What does the value of a probability density function (PDF) at some x indicate?

I understand that the probability mass function of a discrete random-variable X is $y=g(x)$. This means $P(X=x_0) = g(x_0)$.

Now, a probability density function of of a continuous random variable X is $y=f(x)$. Wikipedia defines this function $y$ to mean

In probability theory, a probability density function (pdf), or density of a continuous random variable, is a function that describes the relative likelihood for this random variable to take on a given value.

I am confused about the meaning of 'relative likelihood' because it certainly does not mean probability! The probability $P(X<x_0)$ is given by some integral of the pdf.

So what does $f(x_0)$ indicate? It gives a real number, but isn't the relative likelihood of a specific value for a CRV always zero?


Solution 1:

'Relative likelihood' is indeed misleading. Look at it as a limit instead: $$ f(x)=\lim_{h \to 0}\frac{F(x+h)-F(x)}{h} $$ where $F(x) = P(X \leq x)$

Solution 2:

I am not sure if Jester is still interested, as it's been 5 years, but I think I found a less confusing anwer than in Wikipedia.

In contrast to discrete random variables, if X is continuous, f(X) is a function whose value at any given sample is not the probability but rather it indicates the likelihood that X will be in that sample/interval. For example if the value of the PDF around a point (can be generalized for a sample) x is large, that means the random variable X is more likely to take values close to x. If, on the other hand, f(x)=0 in some interval, then X won't be in that interval

Of course a more practical way of thinking it is that the probability of X being in an interval is given by the integral of the PDF.

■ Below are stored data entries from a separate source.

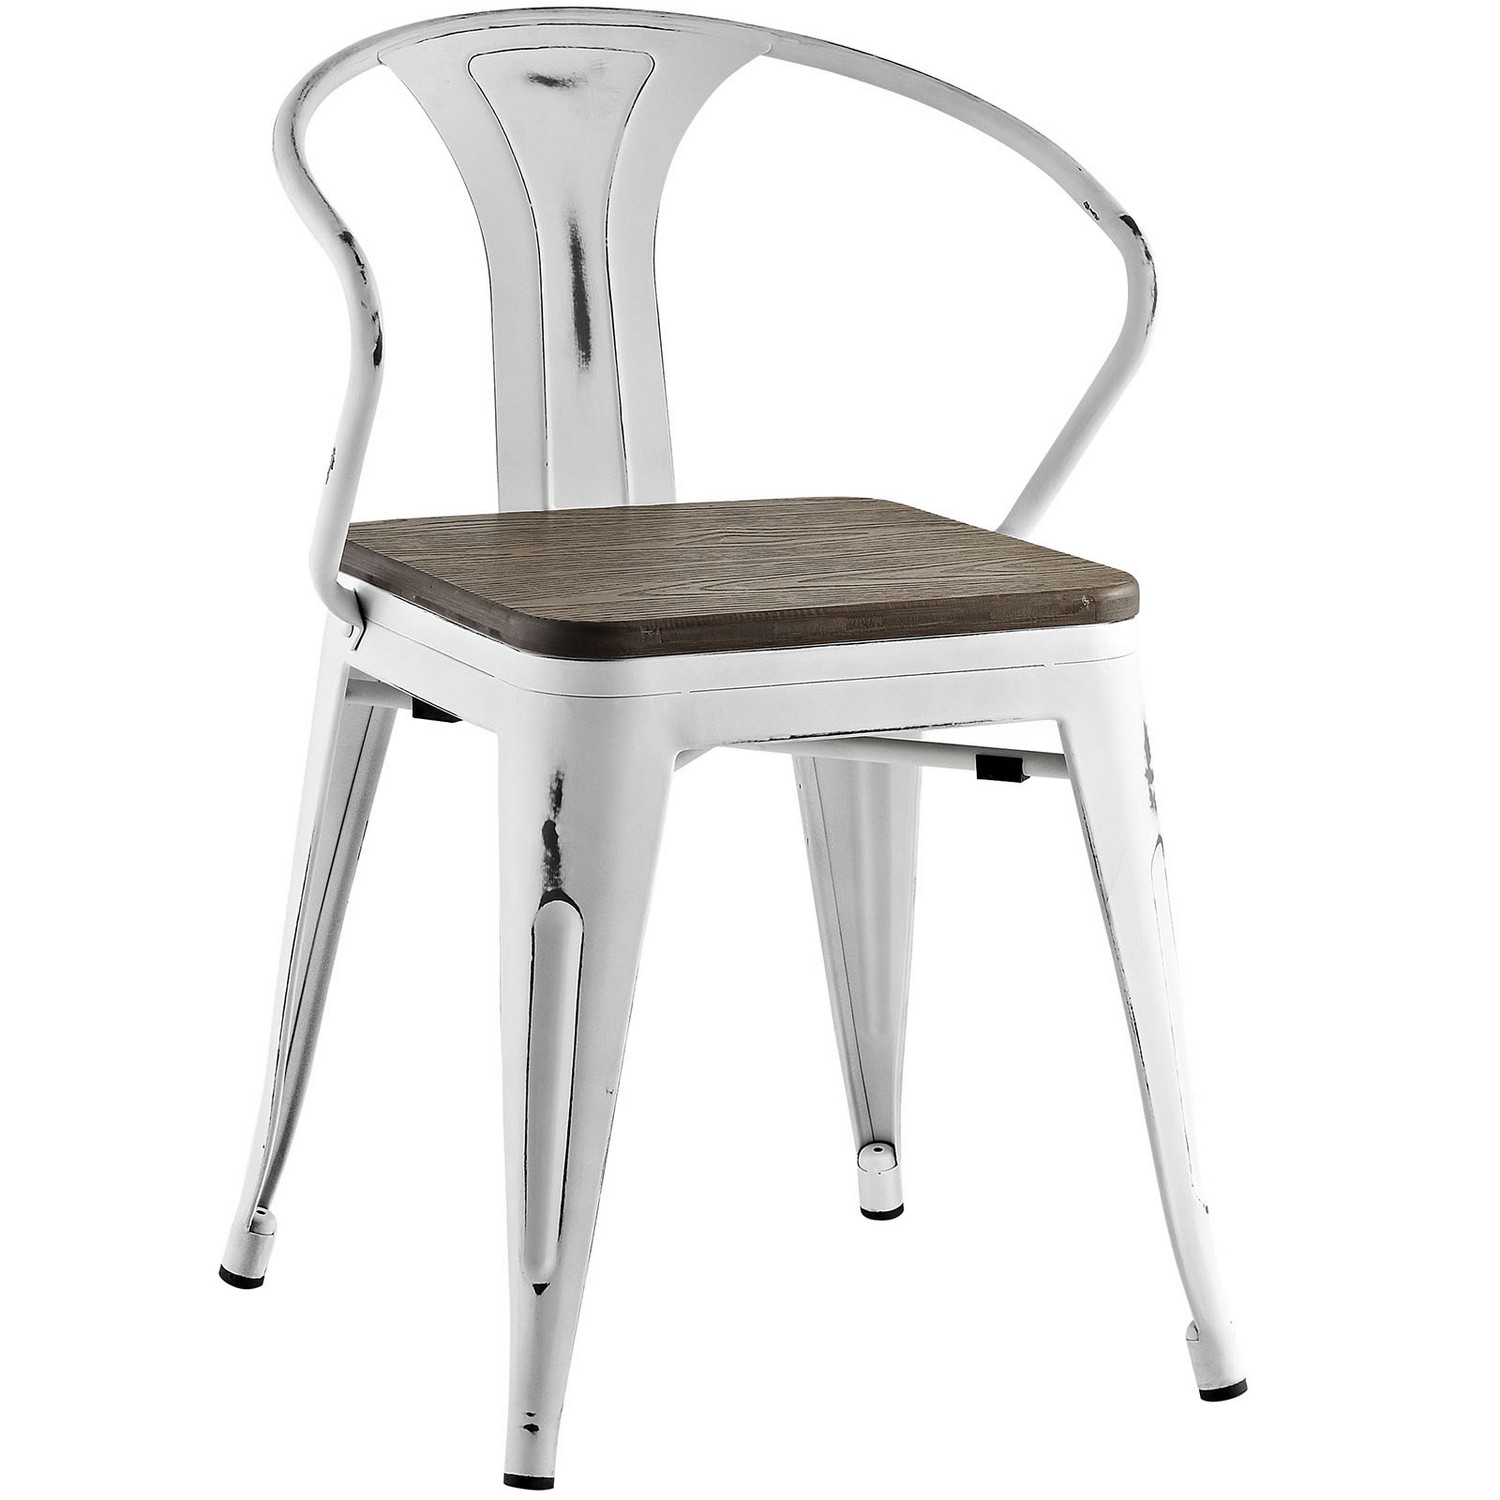 Modway Promenade Dining Chair with Bamboo Seat - White
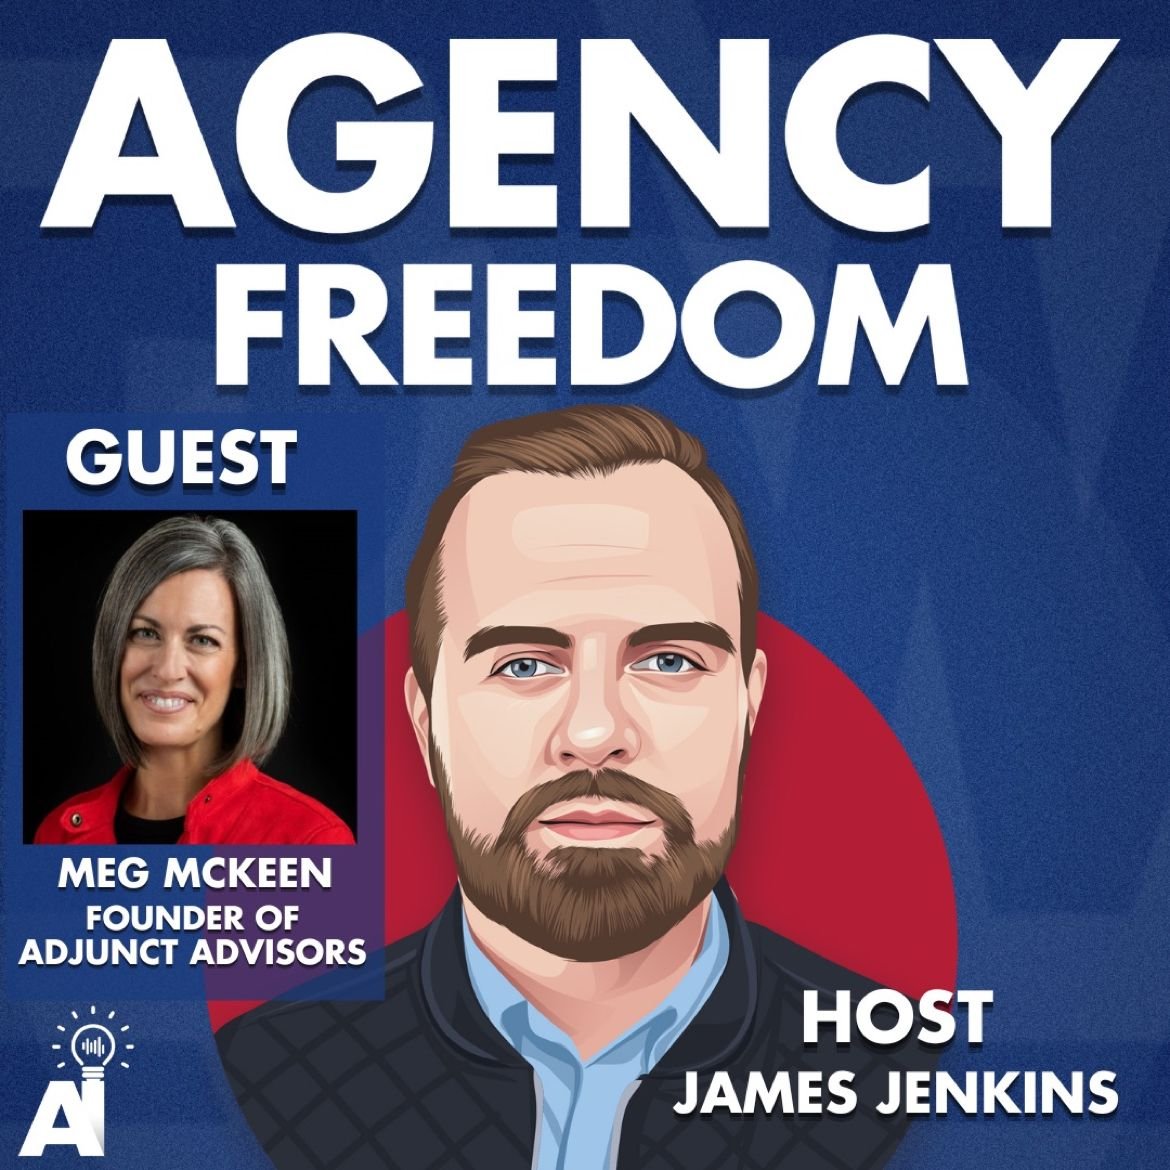 James Jenkins welcomes Meg McKeen to the Agency Freedom podcast
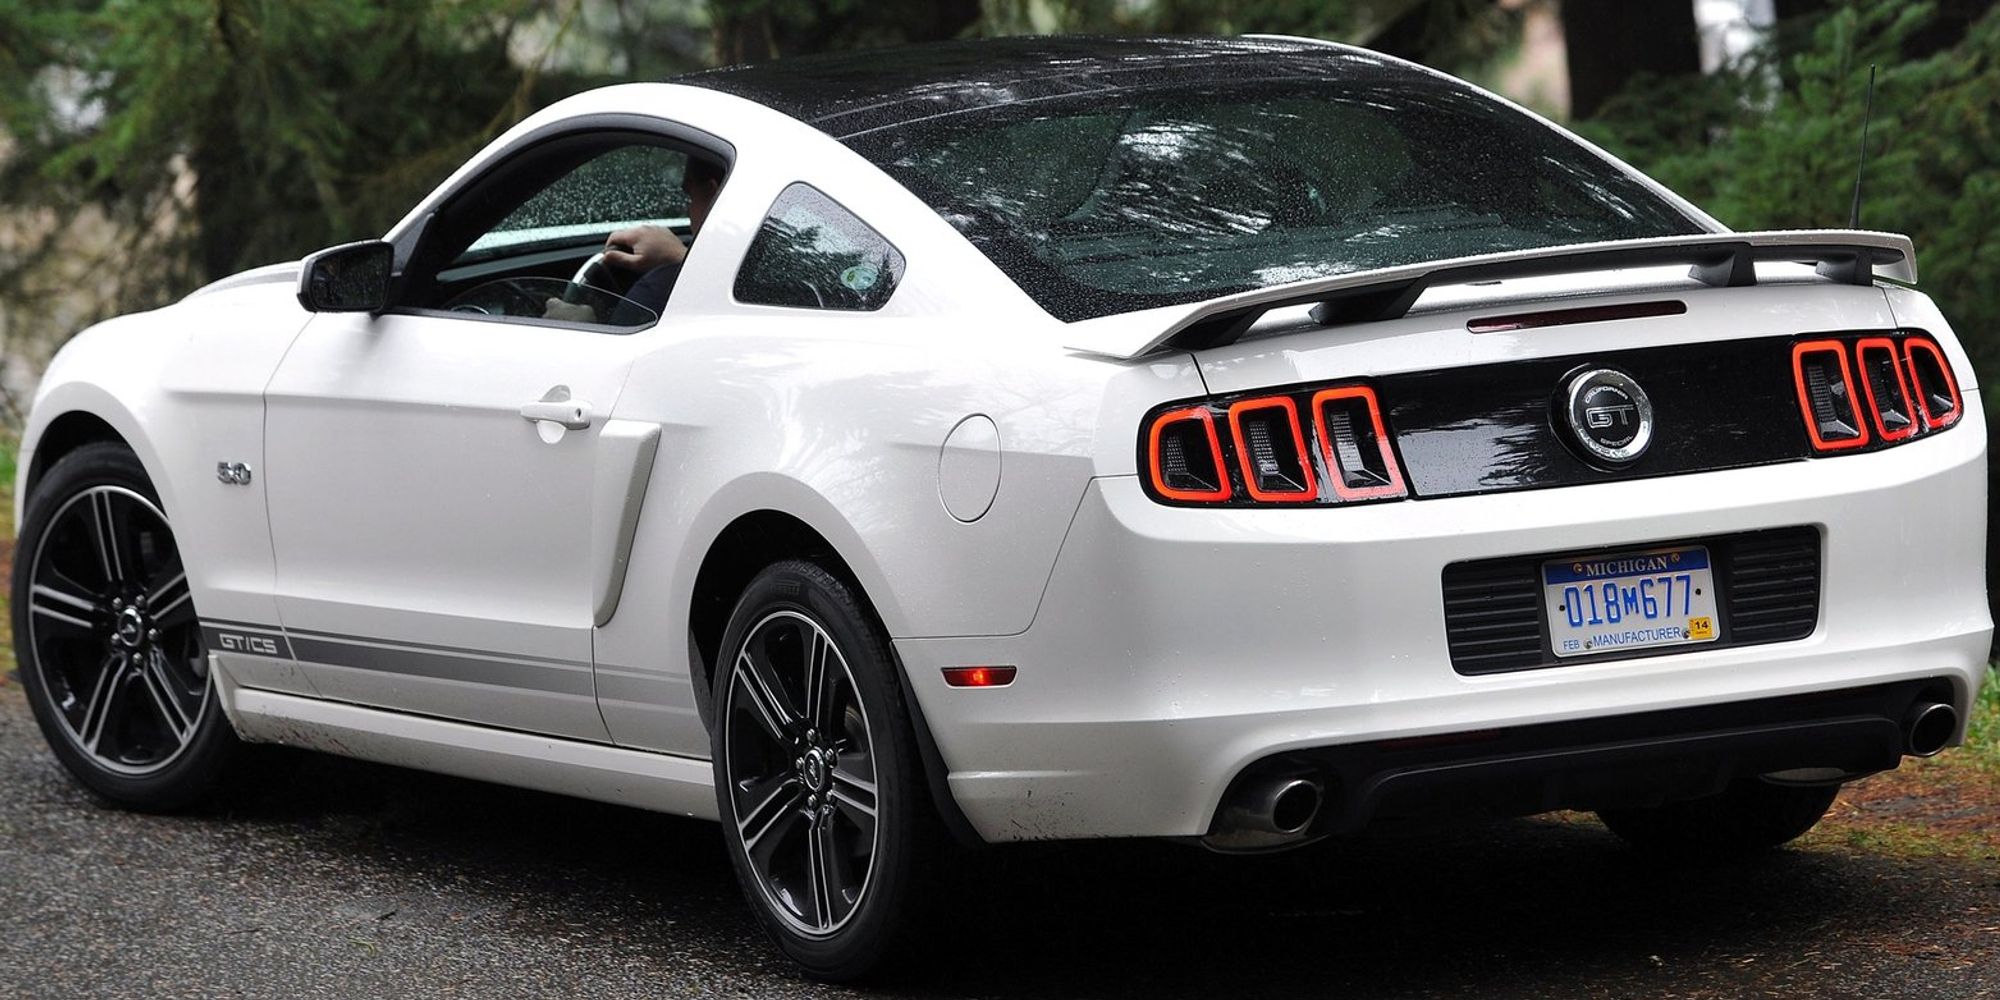 The rear of a white S197-II Mustang
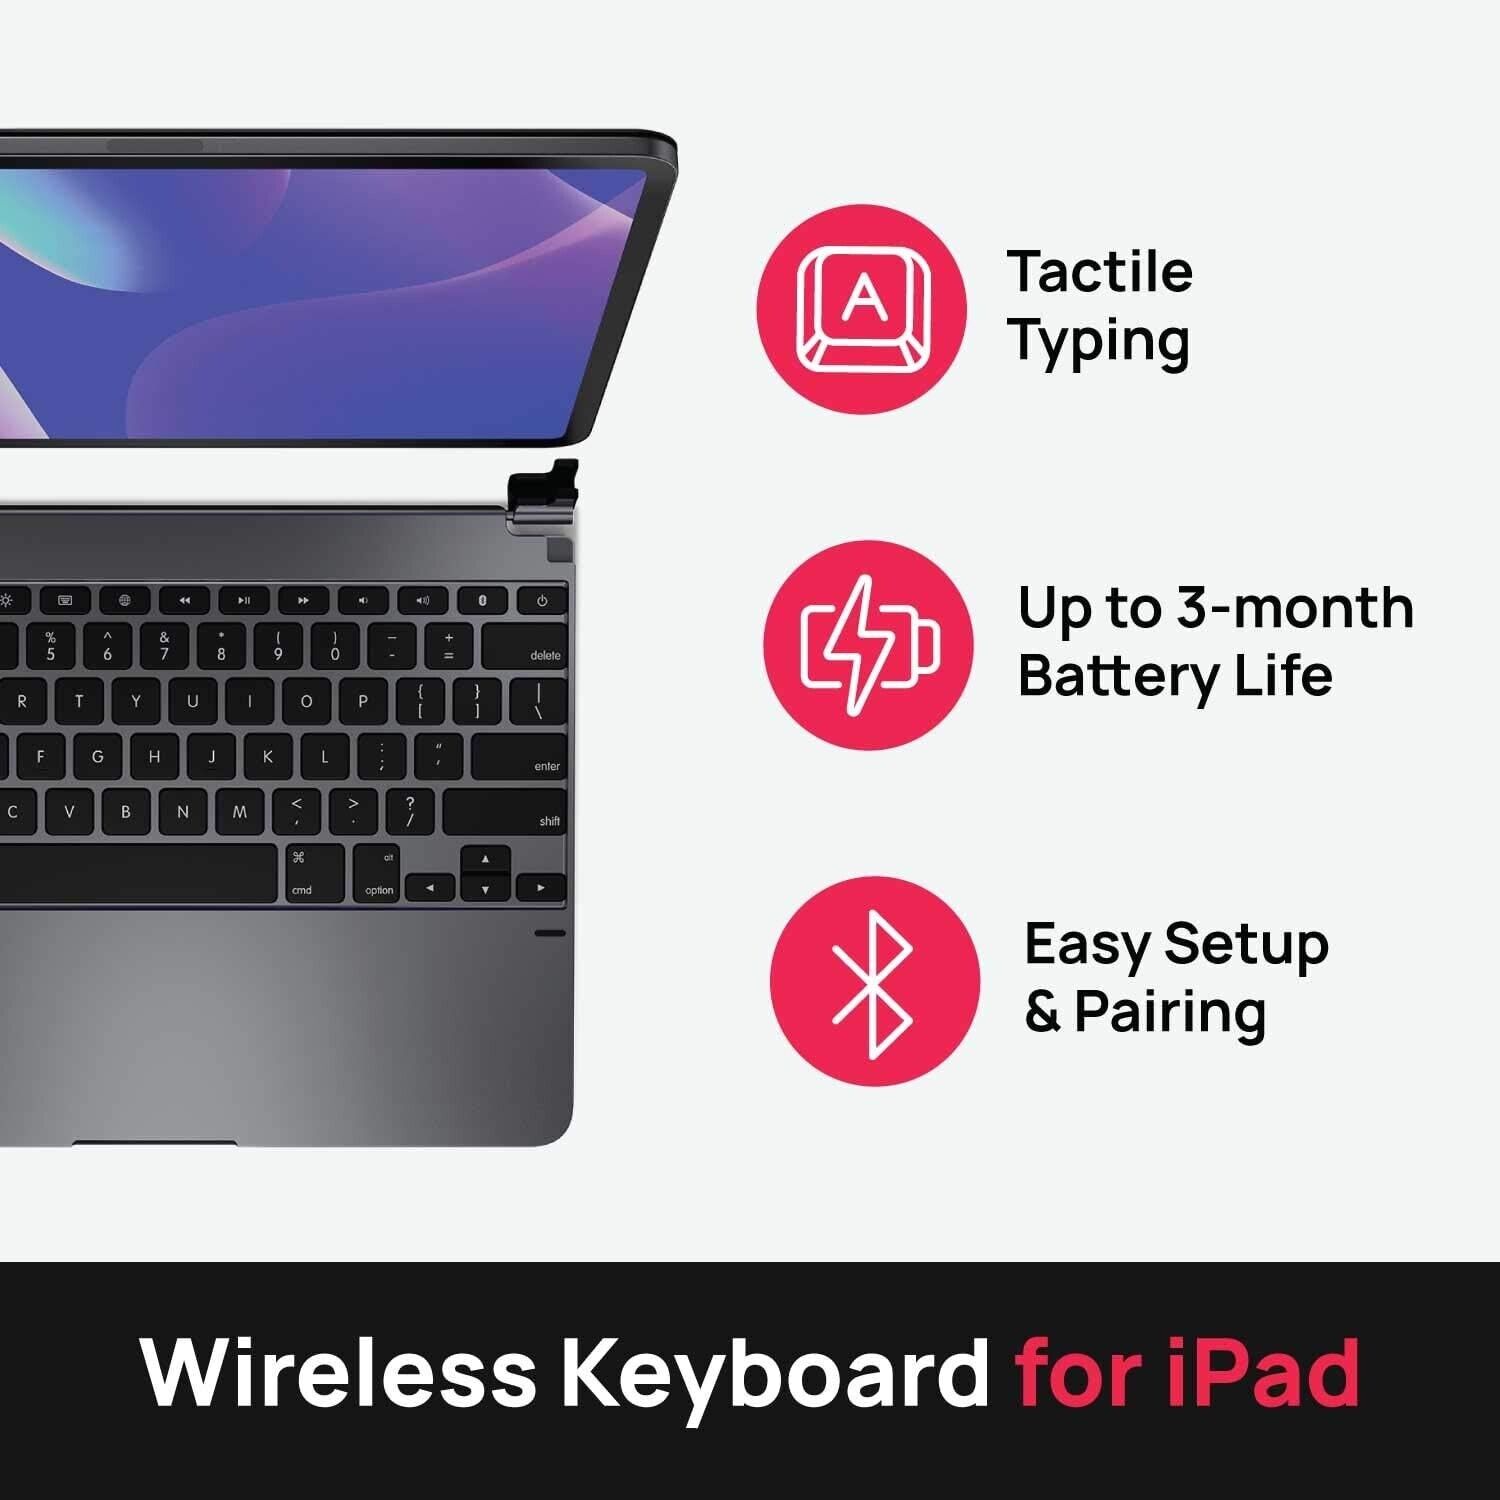 Brydge Wireless Keyboard & Magnetic Cover for 12.9-inch iPad Pro (3rd Gen, 2018)
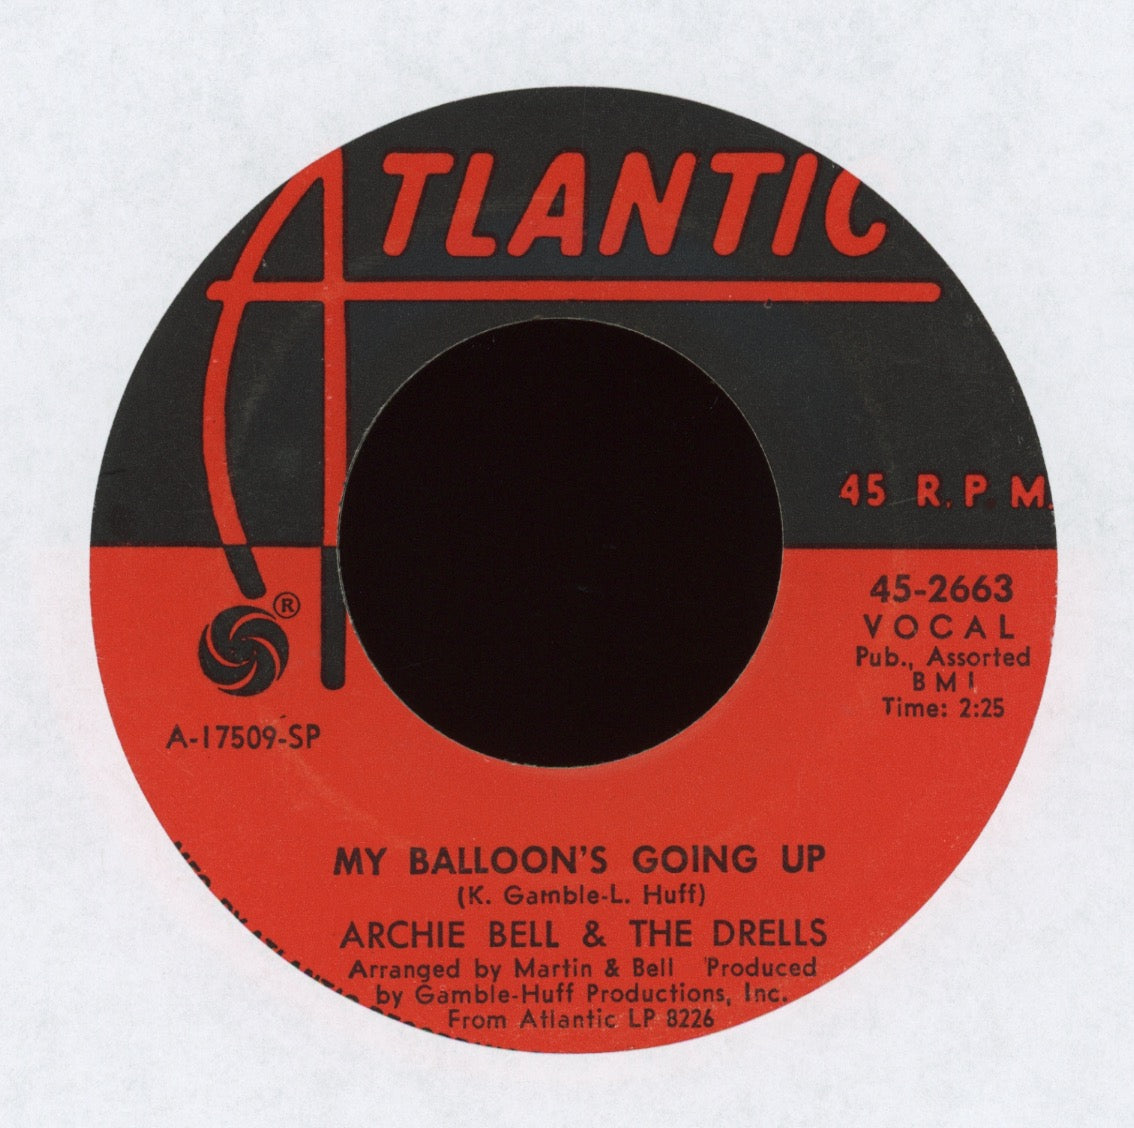 Archie Bell & The Drells - My Balloon's Going Up on Atlantic

You might want to look at the link below for more details: http://mathinsight.org/probability_density_function_idea

Solution 3:

In general, if $X$ is a random variable with values of a measure space $(A,\mathcal A,\mu)$ and with pdf $f:A\to [0,1]$, then for all measurable set $S\in\mathcal A$, $$P(X\in S) = \int_S fd\mu $$ So, if $A=\Bbb R$ (and $\mu=\lambda$), then $$P(a<X<b)=\int_a^b f(x)dx$$ So, $f(x) = \displaystyle\lim_{t\to 0} \frac1{2t}\int_{x-t}^{x+t} f =\lim_{t\to 0} \frac1{2t} P(|X-x|<t) $ for example.. We can call it 'relative likelihood'..

Solution 4:

Intro statistics focuses on the PDF as the description of the population, but in fact it is the CDF (cumulative density function) that gives you a functional understanding of the population, as points on the CDF denote probabilities over a relevant range of measures. If you look at all stats from this perspective, then the PDF is just the description of probability change with respect to a change around a point along the measure at hand. The values on the PDF therefore only give you a look at the spread. For example, given two normal distributions $N(\mu_1, \sigma_1^2)$ and $N(\mu_2, \sigma_2^2)$, if you choose any value of $x$ to get point $p_n=\mu_n+x\cdot\sigma_n$ for the respective distributions and get $X_1[p_1 ] > X_2[p_2 ]$, then this just means $\sigma_1 < \sigma_2$. Similar relationships exist for other distributions.

Solution 5:

For continuous probability distributions, it is not useful to talk about $P(X=x_0)$, since this probability is zero. It is only useful to talk about the probabilities of $X$ being in sets with a positive length, like a nontrivial interval, or a union of several intervals. So, instead of asking the probability of $X=x_0$, we ask the probability that $X$ is near $x_0$. To be precise, we talk about the probability that $X$ is in an interval of length $\delta$ centered at $x_0$, for some $\delta>0$. That is, $$ P(x_0-\delta/2<X<x_0+\delta/2) $$ As $\delta\to 0$, the above probability will approach zero. How quickly will it approach zero? It turns out that there will exist a number $f(x_0)$ for which $$ P(x_0-\delta/2<X<x_0+\delta/2)\approx \delta f(x_0) $$ This means that in $P(x_0-\delta/2<X<x_0+\delta/2)$, the probability that $X$ in an interval around $x_0$ is approximated by $f(x_0)$ times the length of that interval. Furthermore, the relative error of this approximation approaches zero as the length of the interval approaches zero.

This qnuanty $f(x_0)$ is also the value of the pdf of $X$, and the preceding discussion is a way of giving it precise meaning.